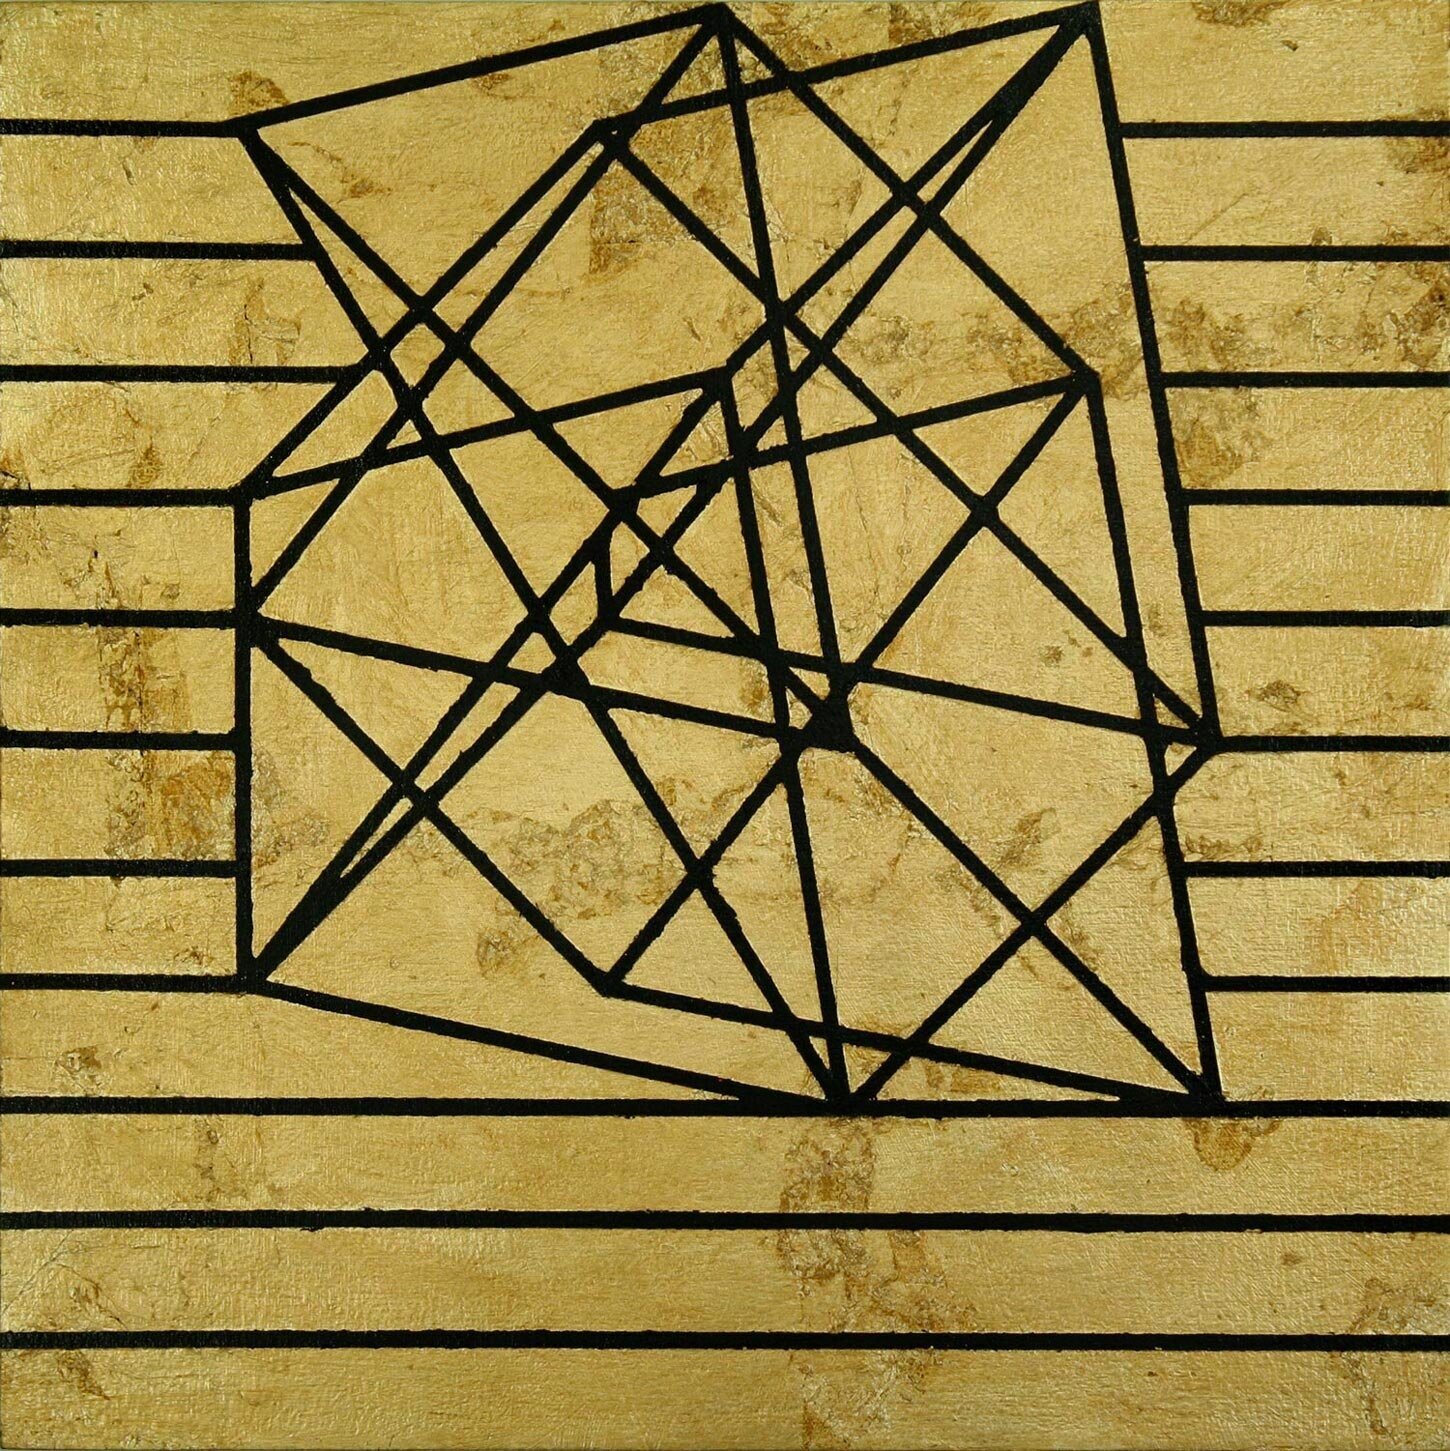    Hisz Dat Cowurlen (III)    Acrylic and gold leaf on wood panel  12” x 12”   
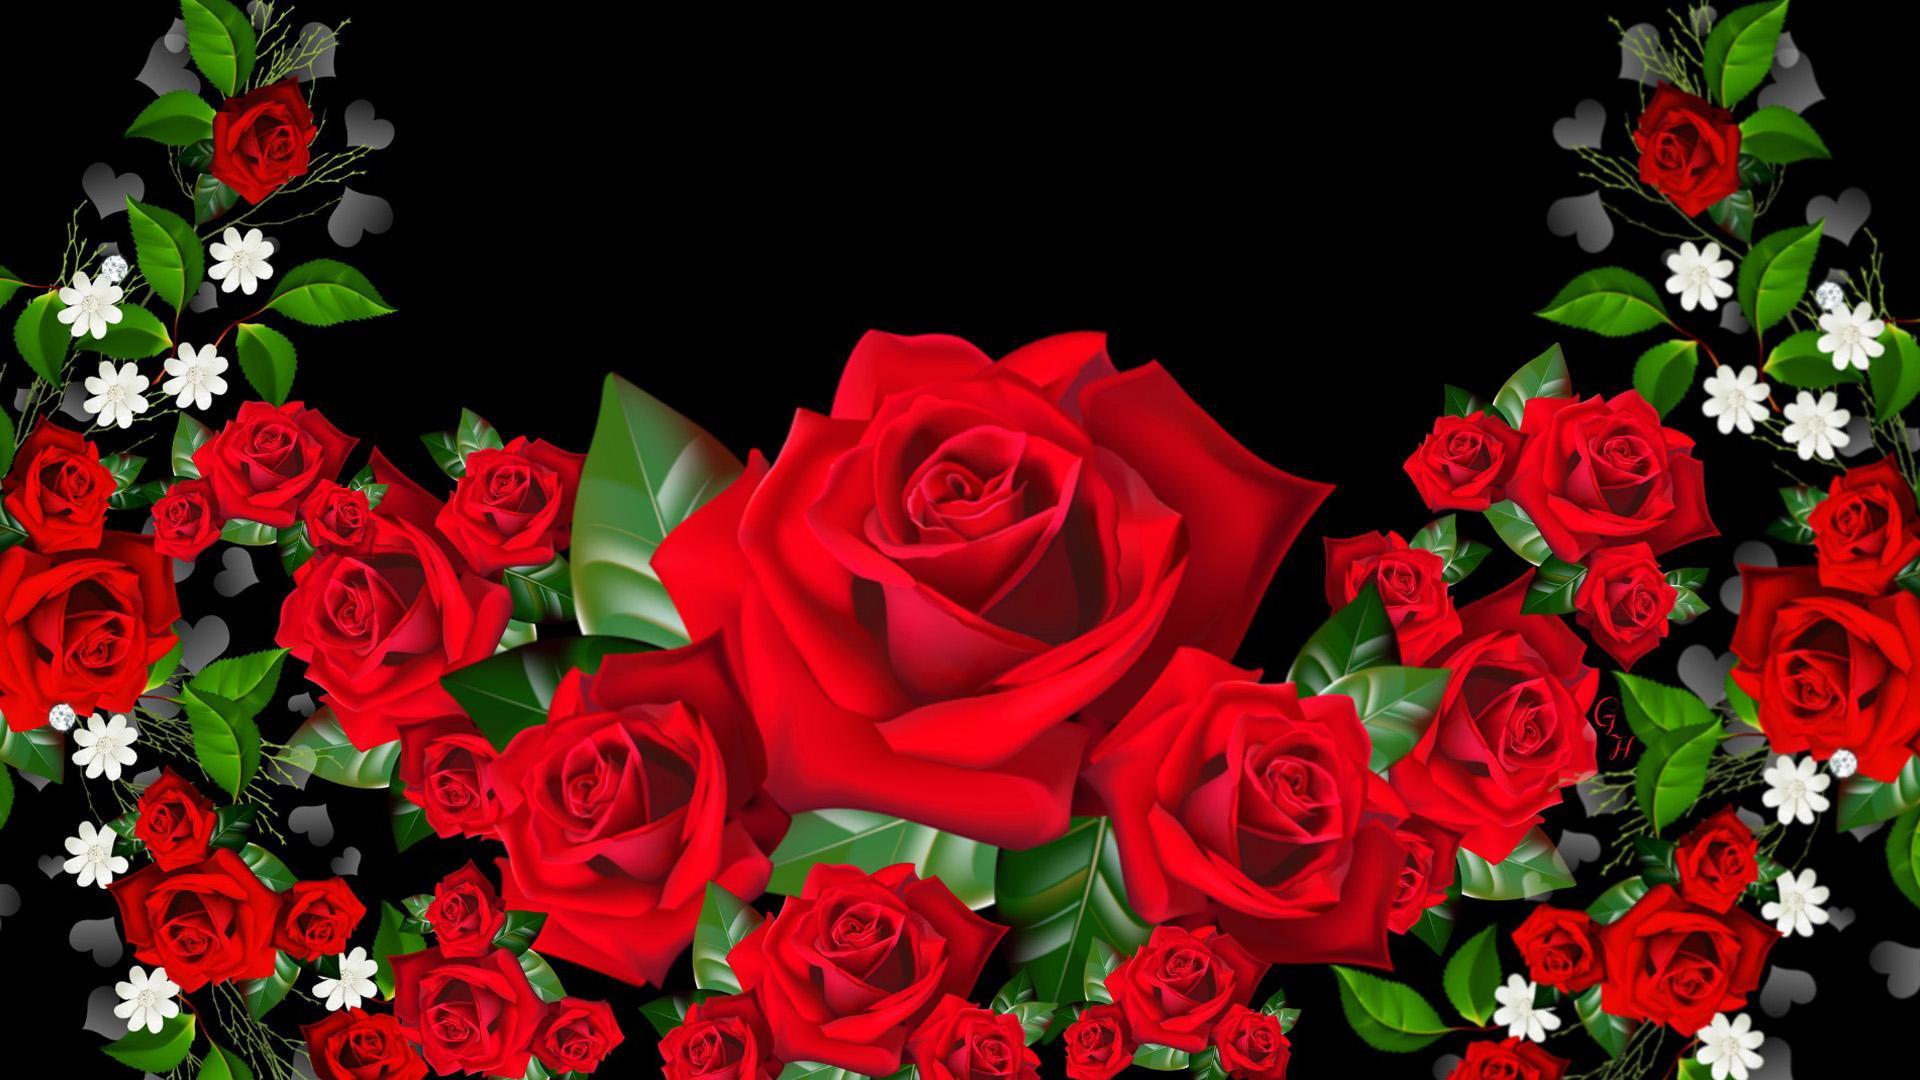 1920x1080 3D Rose Wallpaper Tải xuống miễn phí - 3D Flower Wallpaper Rose
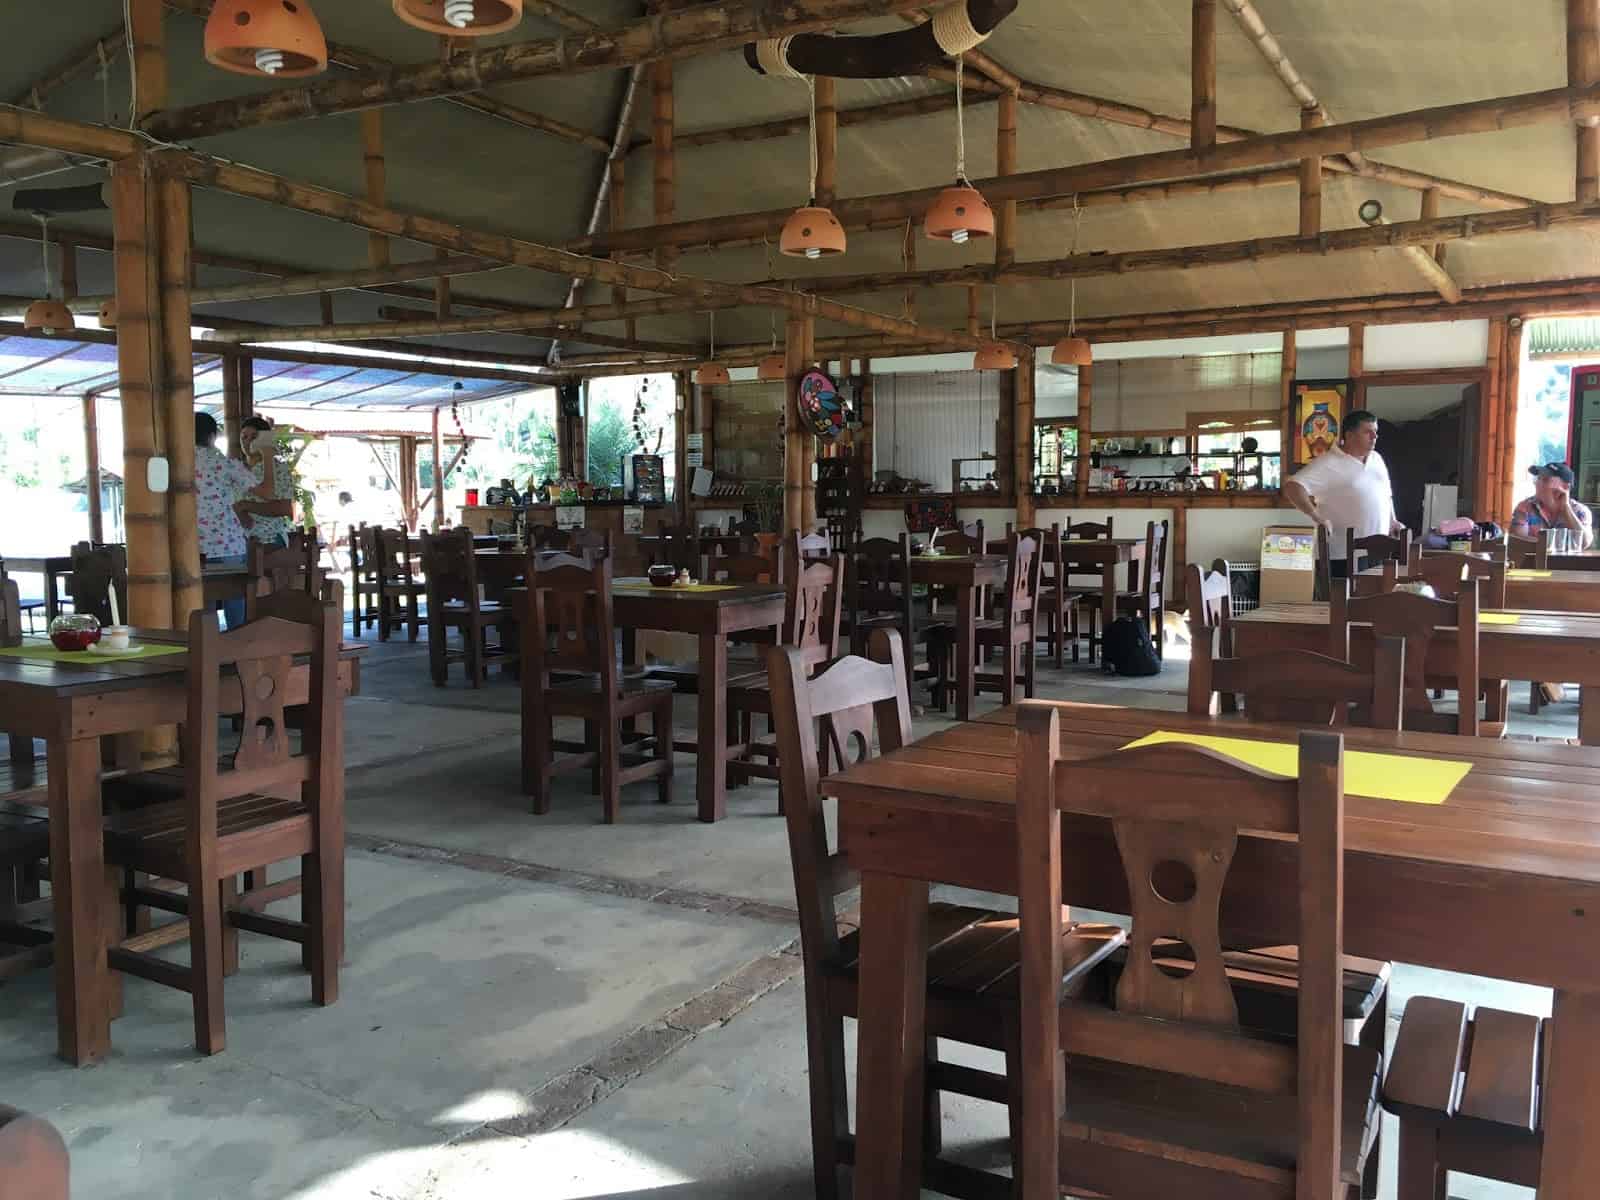 Restaurant at San Juan del Valle in Belén de Umbría, Risaralda, Colombia

Your task → The output is the data above, repeated exactly, with pictures omitted.

Your response →
    Hisz Dat Cowurlen (III)    Acrylic and gold leaf on wood panel  12” x 12”   
 1920x1080 3D Rose Wallpaper Tải xuống miễn phí - 3D Flower Wallpaper Rose
 Restaurant at San Juan del Valle in Belén de Umbría, Risaralda, Colombia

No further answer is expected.